In Dataiku, you can enable text or image features and then choose an embedding model from the LLM Mesh.
💡Discover the Art of Multimodal AutoML
💌 Love Notes in the Margins: Free-Text Annotation
For those who believe relationships involve more nuance than just "it's complicated," free-text annotation brings unrestricted expression to data labeling. This feature liberates data scientists and developers from the constraints of predefined labels, allowing annotators to add detailed, contextual notes that capture the full complexity of their data.
For developers, it integrates seamlessly with existing labeling workflows, providing programmatic access to annotations and a robust review system that ensures quality control. Whether you're training models on SOAP notes or fine-tuning language models, it's the difference between passing notes in class and writing love letters — every nuance matters.
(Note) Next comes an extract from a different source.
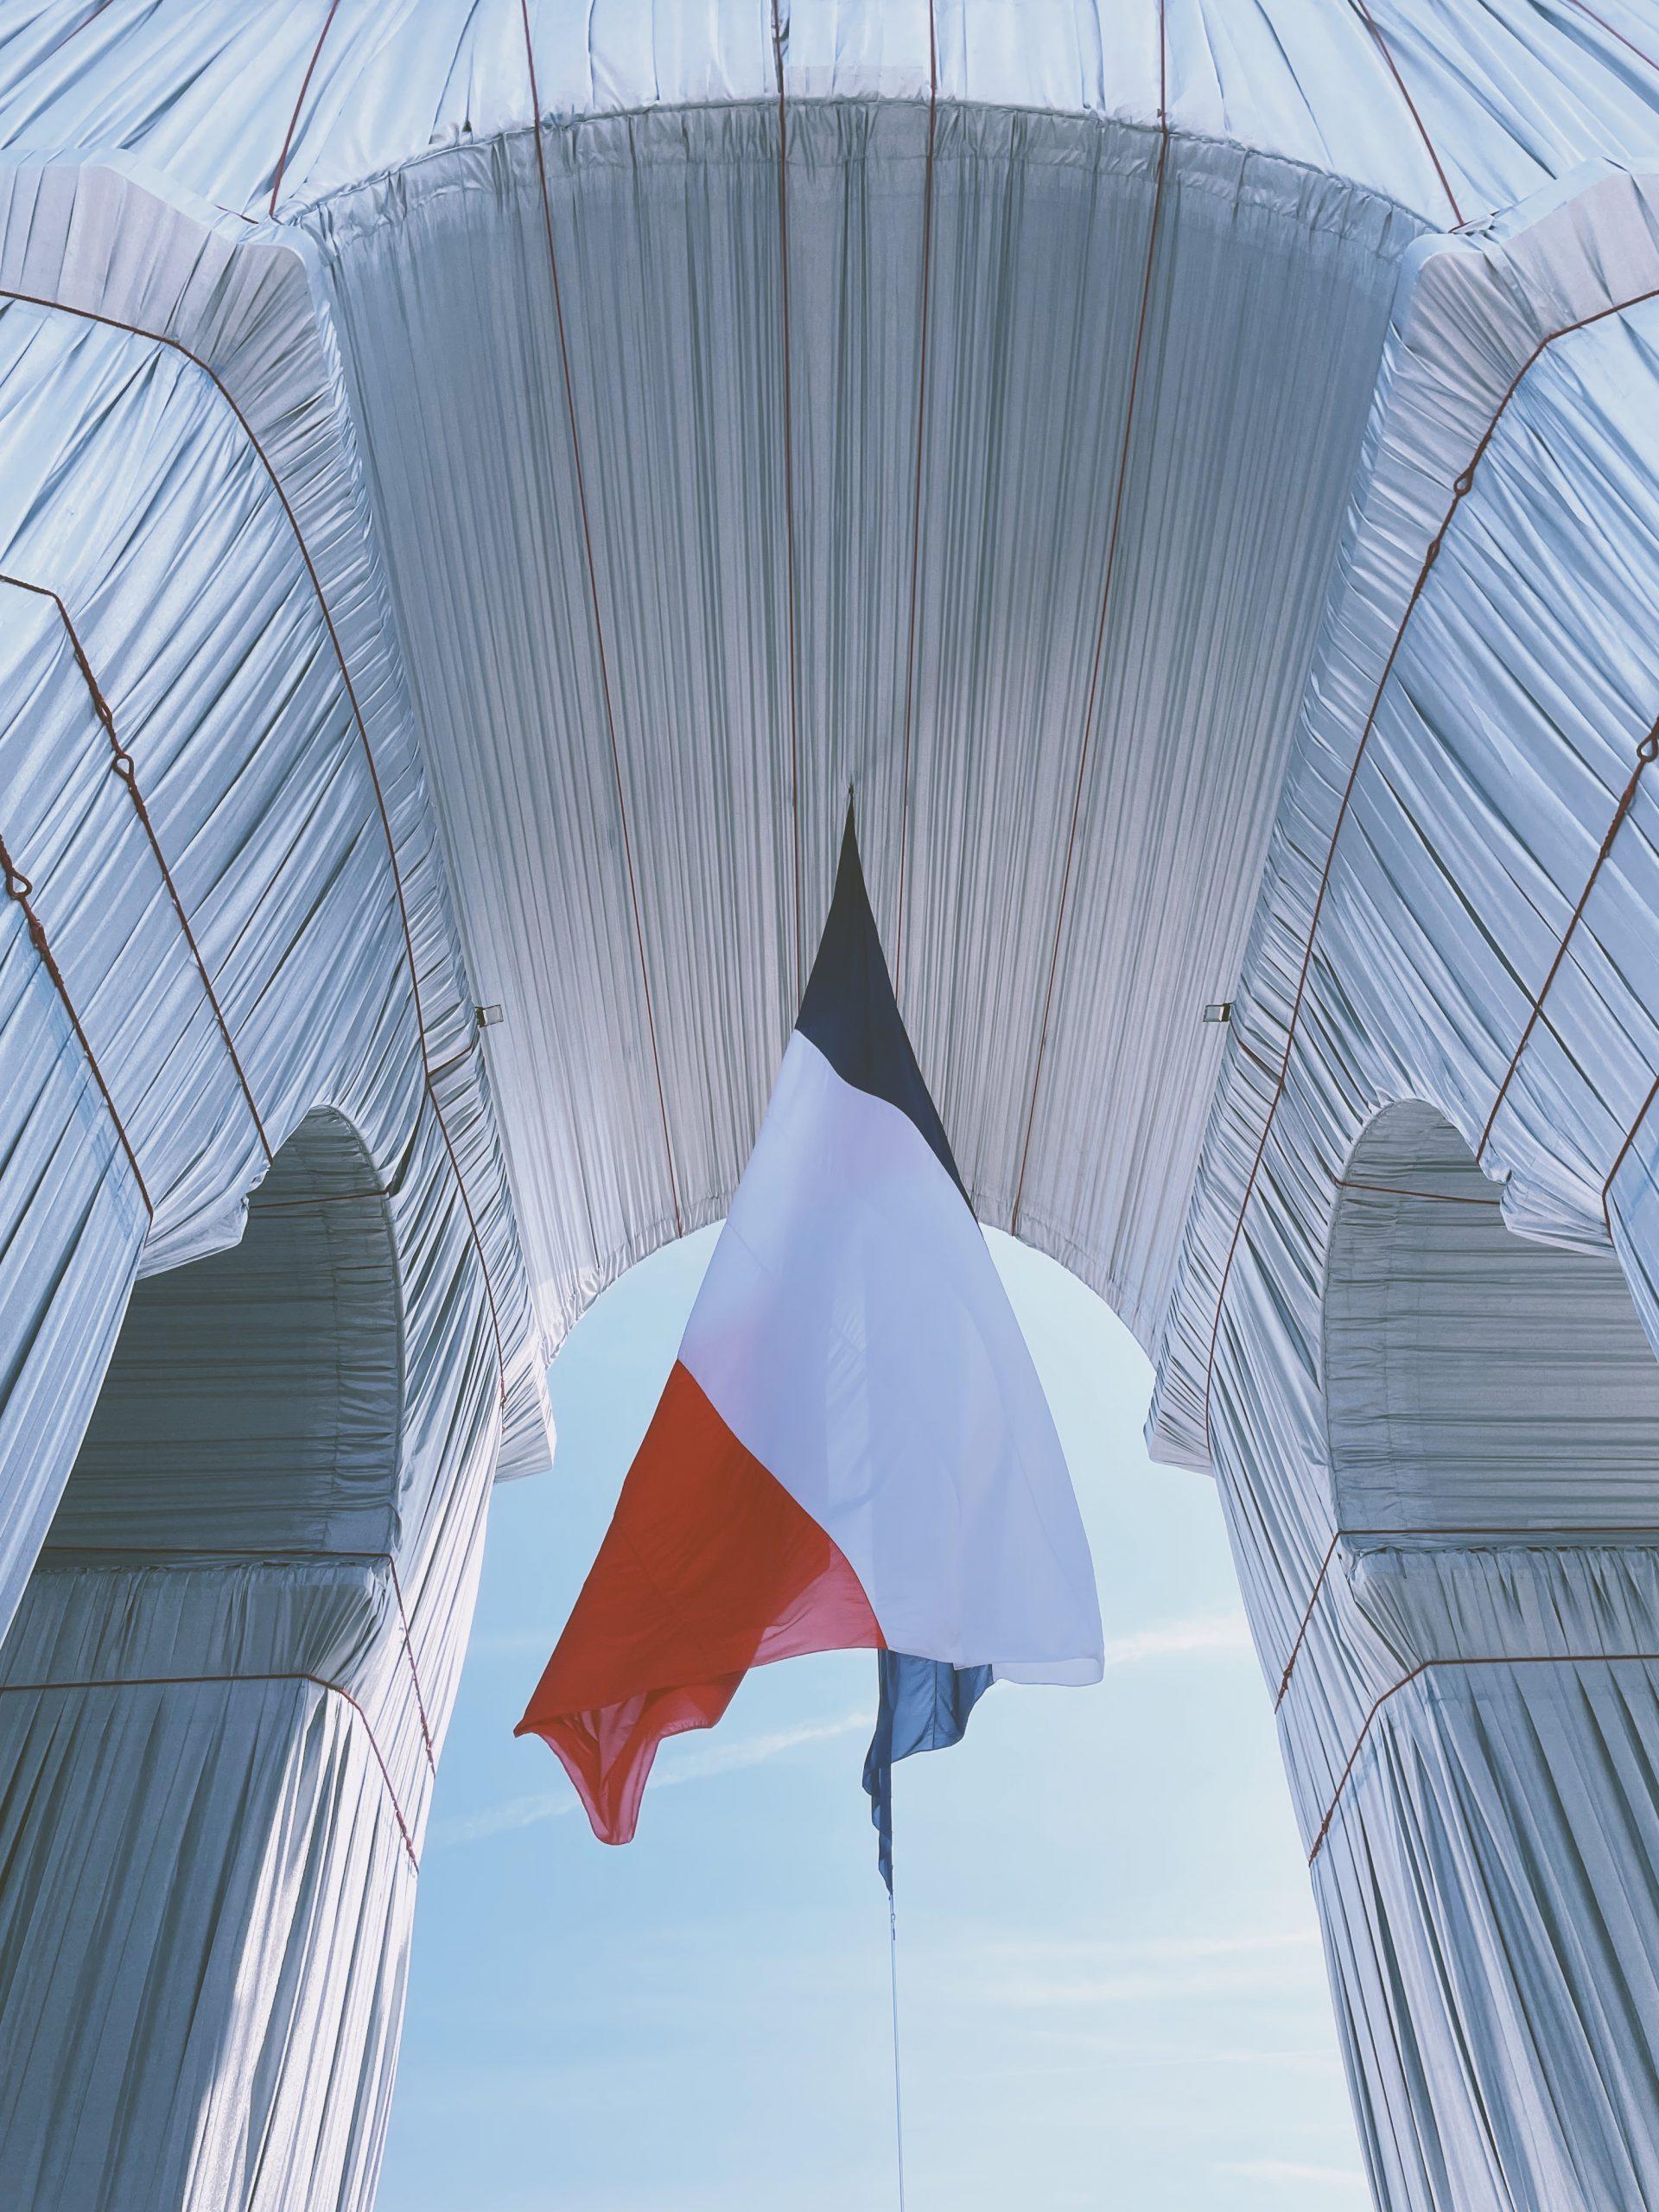 CHRISTO: L' Arc de Triomphe, Wrapped

In Dataiku, free-text annotations can be added on the right-hand side of the labeling interface. Users can save their notes to prepare for review. In this example, a healthcare practitioner uses free-text labeling to annotate SOAP notes. The reviewer adds an assessment note with a potential secondary diagnosis to ensure the model captures crucial medical details. This aligns the dataset better with clinical expectations and can improve the model’s accuracy in future iterations.
💡Learn More About Custom Labeling and Quality Control With Free-Text Annotation
💓 Speaking Your Love Language: LLM Fine-Tuning
When your use case demands models that truly understand your domain, whether that's processing industry-specific documents or generating specialized content, fine-tuning is essential. Access the full power of Hugging Face's transformers library, write custom training loops, and integrate with open-source fine-tuning techniques to adapt pre-trained models for your specific tasks and domain requirements — all while maintaining enterprise governance. It's like having a high-level API and low-level control when you need it. While this capability offers a no-code approach, it doesn't sacrifice developer flexibility.
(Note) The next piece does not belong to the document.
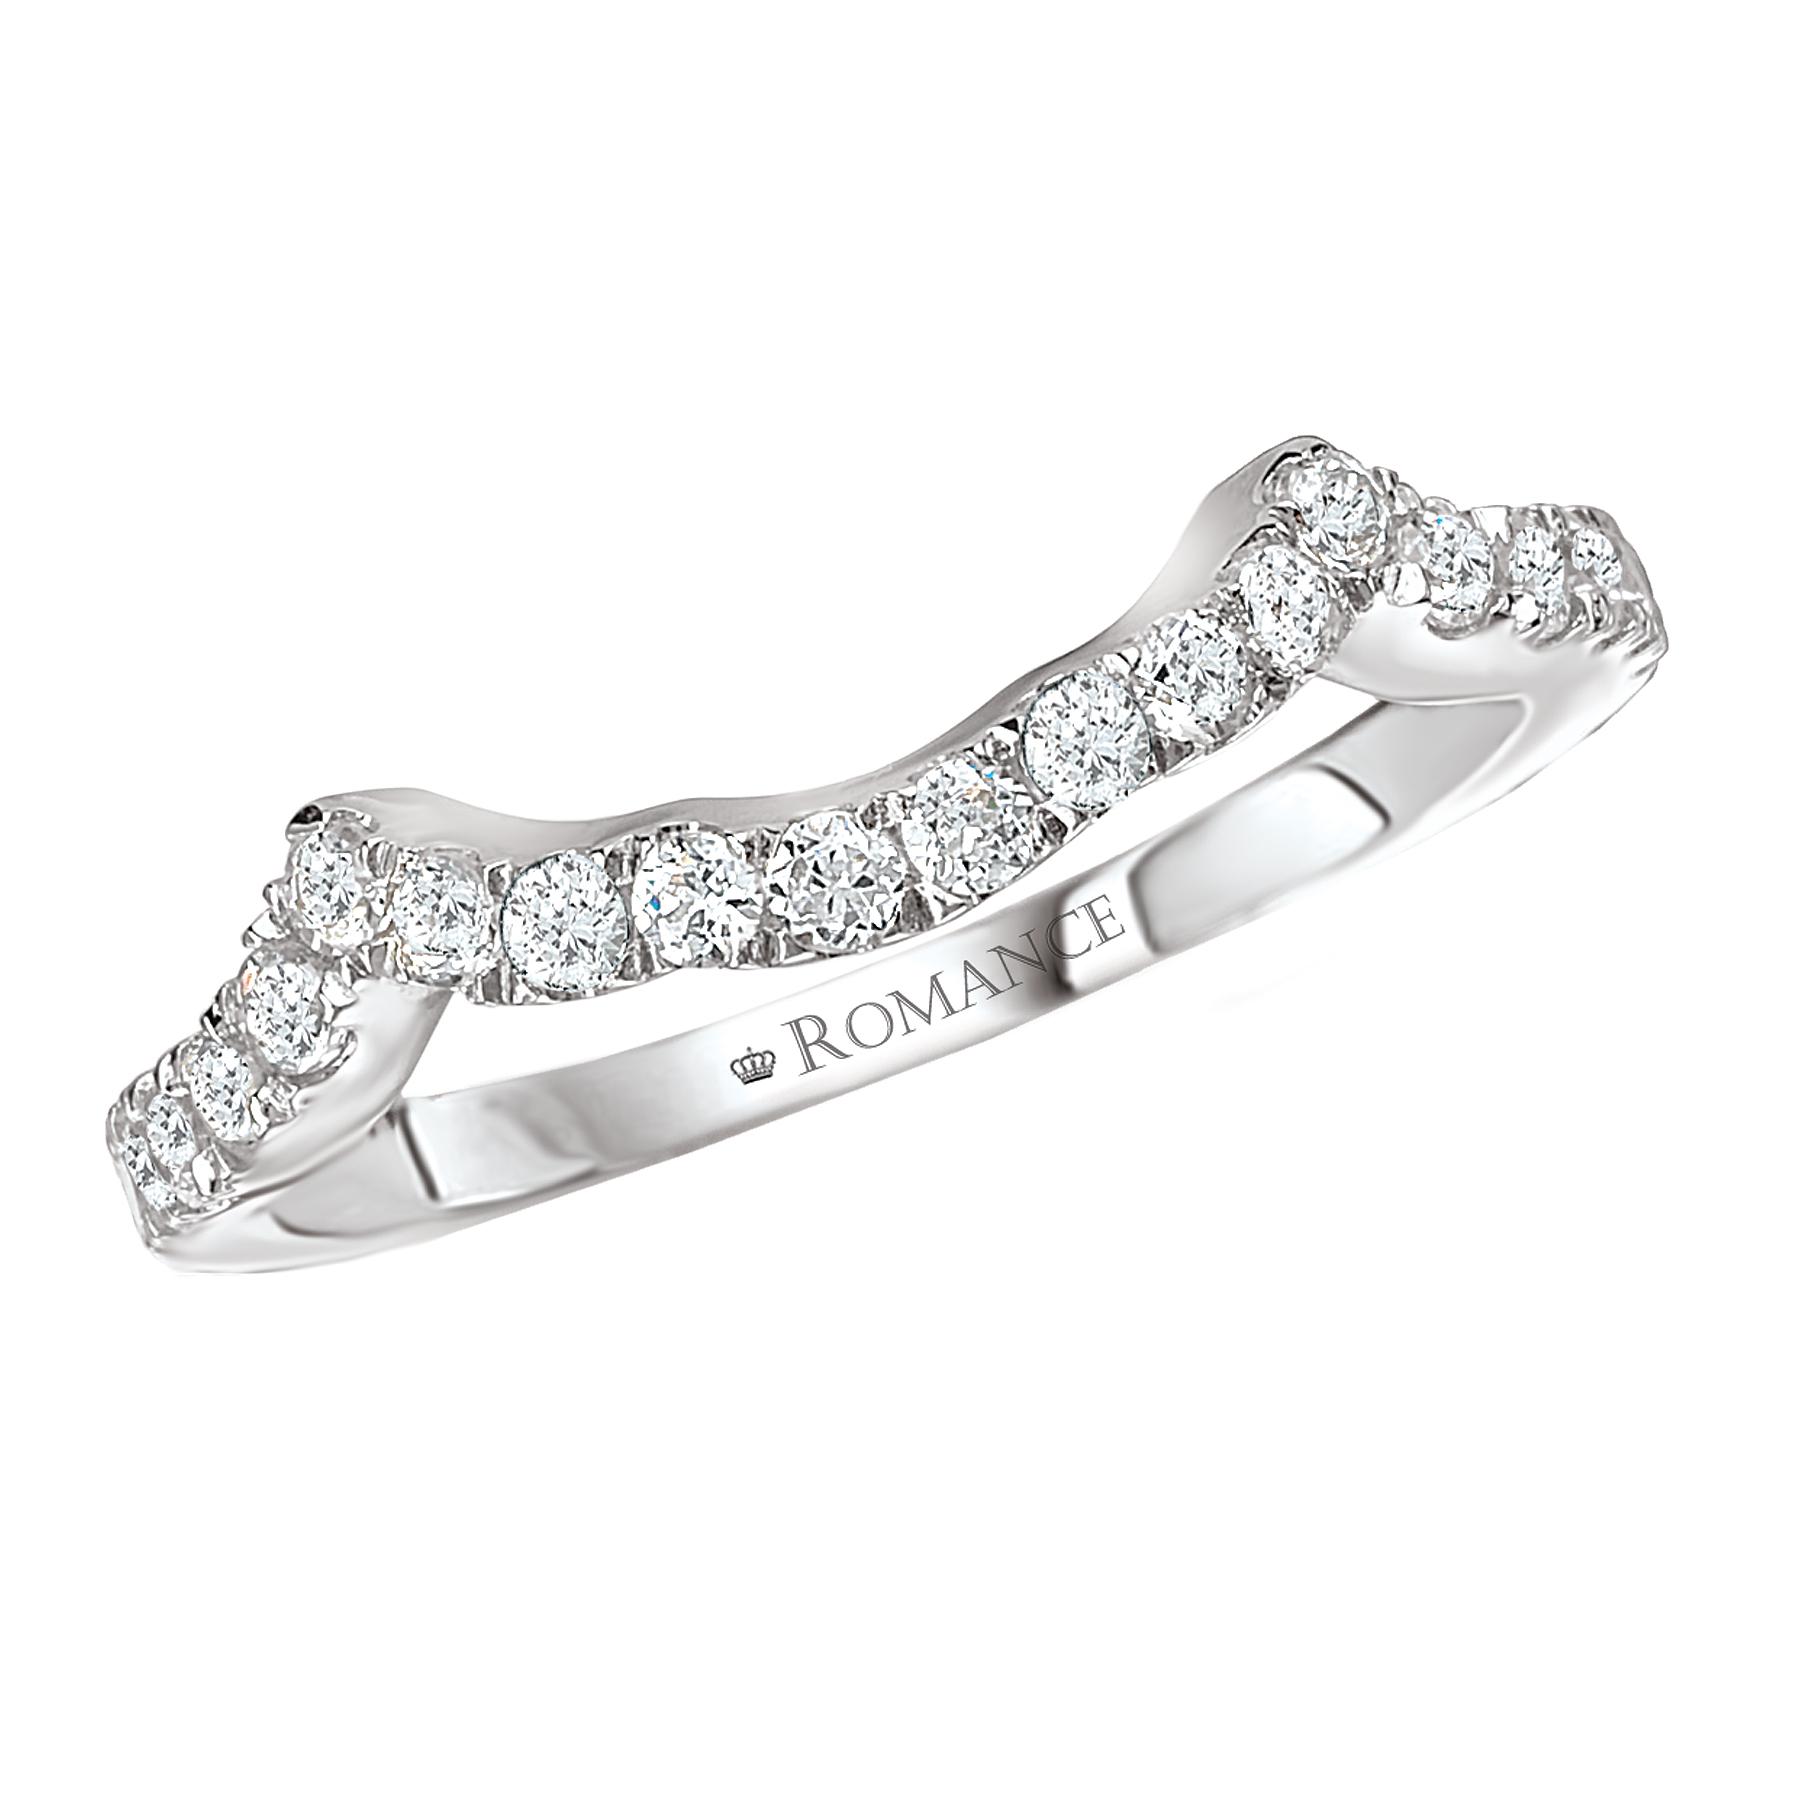 Romance Wedding Bands 117334-W product image

In Dataiku’s recipe interface, the default setting for the hyperparameters field is “Auto” but can be turned to "Explicit" for manual adjustments.
💡Explore How You Can Fine-Tune Your GenAI Models in Dataiku
🫶 Tracing Love's Journey: Column-Level Data Lineage
Beyond visual tracking, this feature provides programmatic access to lineage information. Perfect for teams who want to automate impact analysis, generate documentation, or integrate lineage data into their existing tools. The manual editing capability means your custom transformations won't break the chain.
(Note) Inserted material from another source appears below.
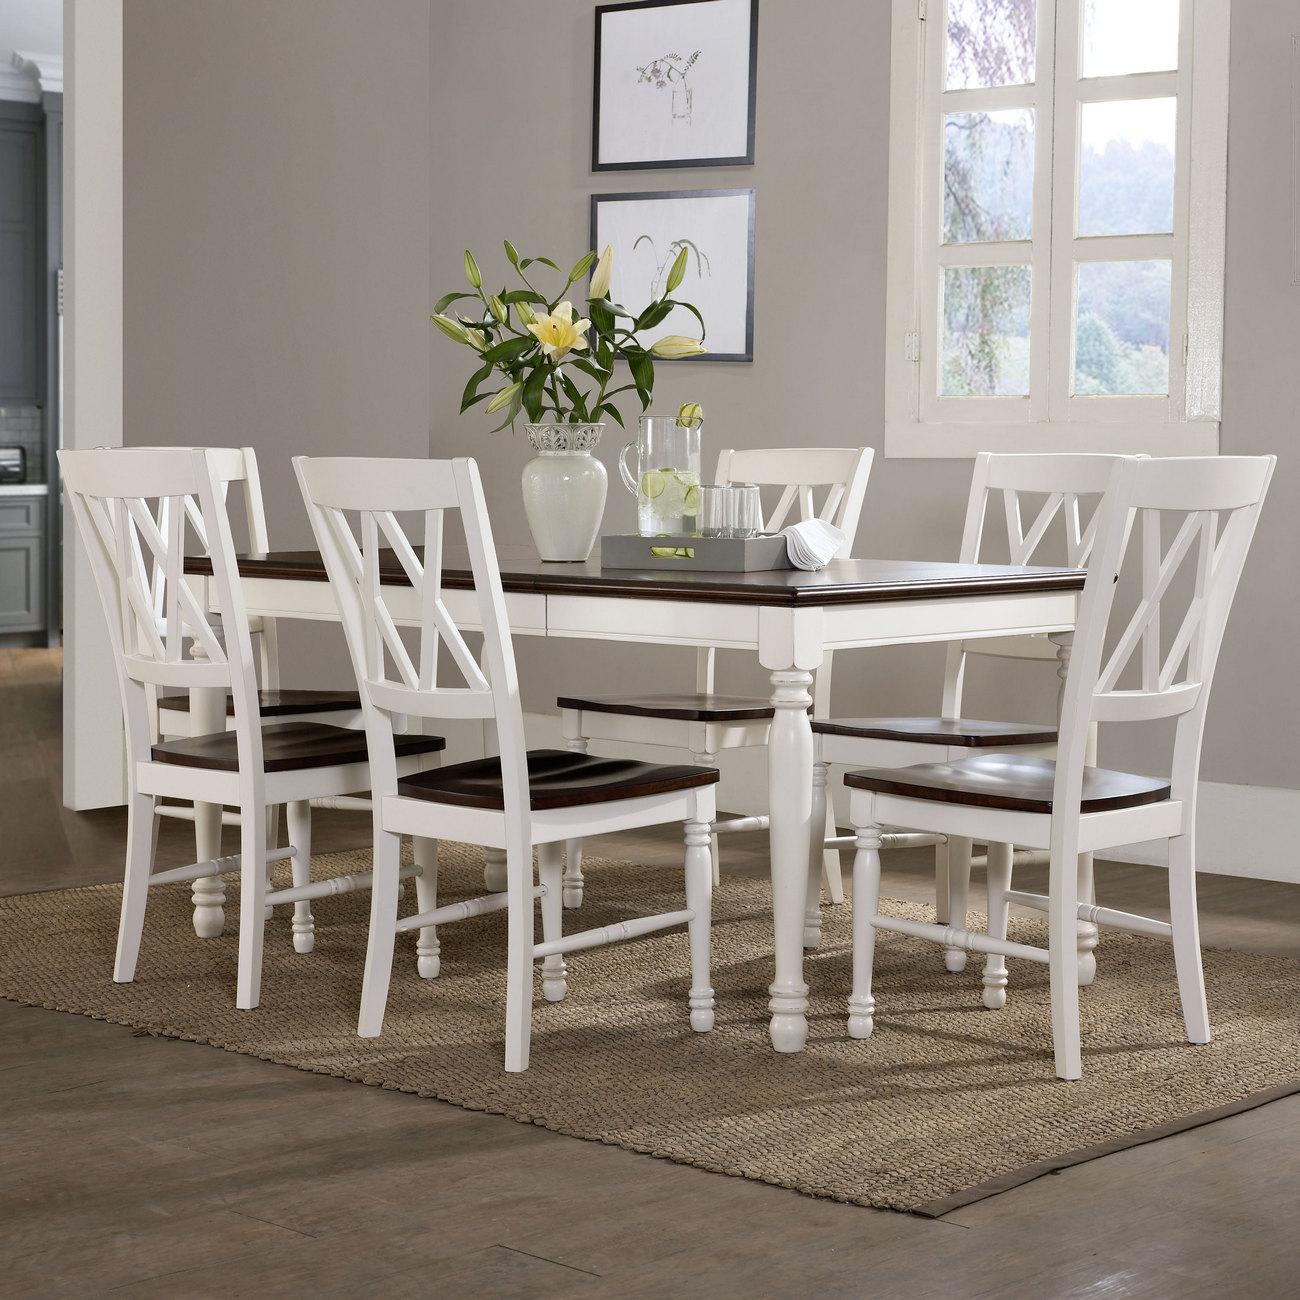 Crosley Brands Furniture Dining Set Photo

You can conduct root-cause analysis and impact analysis with data lineage between columns and across all projects in Dataiku.
💡Learn More About Data Lineage With Dataiku
Wrapping It Up
These features represent more than just technical improvements. They embody Dataiku's understanding of what makes data scientists and developers tick. By bridging the gap between high-level automation and low-level control, these capabilities create harmonious workflows that respect both efficiency and customization needs.
As we move further into 2025, these features lay the groundwork for even deeper integrations and more sophisticated capabilities. Whether you're a Python purist or an AutoML enthusiast, Dataiku's latest additions prove that with the right tools, you can have both power and simplicity. Now that's a relationship worth celebrating.